There's no reason to say "DS got bad games" DS got Mario Kart DS and Professor Layton
There's no reason to say "PSP got great games" PSP doesn't have alot of games, however, lots of those are good


----------



## blackdragonbaham (Sep 21, 2009)

like you said, psp and ds are two completely different types of consoles, 
the ds is a portable pure gaming station, gaming is the primery function and all the other progs' are just goodies. 
although the ds do not have the graphic powers of a psp you can have fun with it, graphic's not all:. - but the console lacks of racers and beat em' ups:.
the psp is more a portable multimedia system, movie-, musik-, internetfunktions are supported by the handheld itself, and yes the thing is more powerfull than a ds or dsi system, but still graphic's not all^^,
i do not say that the handheld is bad, but it assigns other priorities.  Everyone must decide for himself which handheld he prefers':.
personally *i would choose a ds*, cause i already own  one :-D


----------



## syko5150 (Sep 21, 2009)

I own both a PSP and DS and id have to say i prefer DS over PSP simply because DS games are funner to play...graphics are meaningless in gaming other then something nice to look at.I would rather play a game with a stick figure that has fun game play then a game that looks nice and you get bored of after 30 minutes.


----------



## Smash Br0 (Sep 22, 2009)

Personally, I like the DS much more. Gameplay over graphics any day!


----------



## razorback78 (Sep 22, 2009)

Smash Br0 said:
			
		

> Personally, I like the DS much more. Gameplay over graphics any day!

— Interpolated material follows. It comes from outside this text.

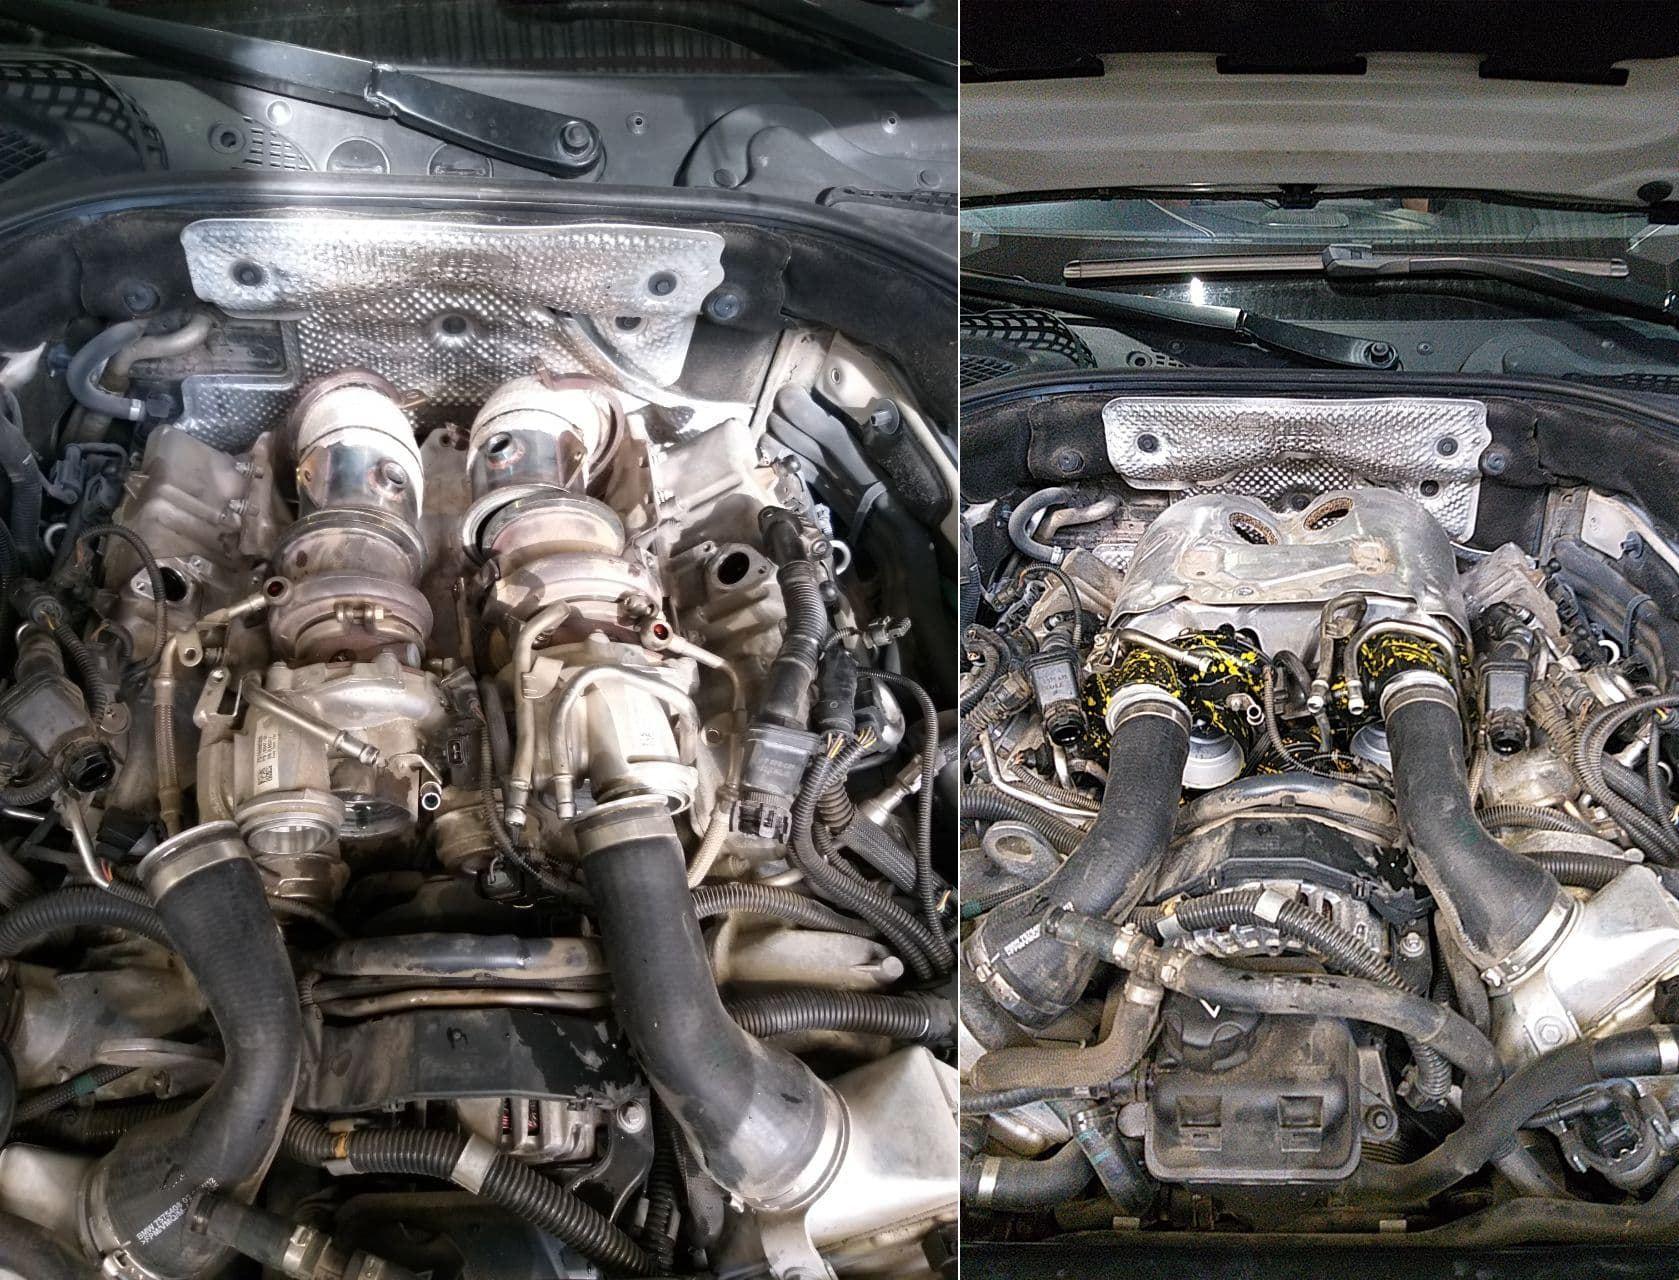 новые турбины на F13 650i

indeed. for my point of view, gameplay is the most important aspect to be considered in rating a "gaming" console. graphics is secondary only. this is the reason why DS outsells PSP. DS games is much more fun than PSP. ya the graphics of PSP really is a standout compared to DS, but the DS games really made me play their games over and over. ya i could watch videos on PSP, but i also have my ipod with me. what i mean is a "gaming" console should be appreciated with the "gaming experience"using it...and i had experienced it on DS.


----------



## Popcorn Fairy (Oct 6, 2009)

All depends if you're gonna mod or not. DS > PSP if it's not modded, but PSP >>>>>> DS if it is.


----------



## Veho (Oct 6, 2009)

Popcorn Fairy said:
			
		

> All depends if you're gonna mod or not. DS > PSP if it's not modded, but PSP >>>>>> DS if it is.


Elaborate.


----------



## Bluelaserman (Oct 6, 2009)

If I were to choose, I would pick the DS, only for the purpose of playing multiplayer games with ease, though, if the ds didn't have this option/ I didn't have a sibling to play with, I would pick the PSP

DS in my mind = Dual System

PSP in my mind = Personal Self Player


----------



## Finishoff (Oct 6, 2009)

I prefer to use my PSP mainly for running homebrew and the DS just for the games.
Both of the console have solid pros and cons it all about preferences.


----------



## Popcorn Fairy (Oct 6, 2009)

Veho said:
			
		

> Popcorn Fairy said:
> 
> 
> 
> ...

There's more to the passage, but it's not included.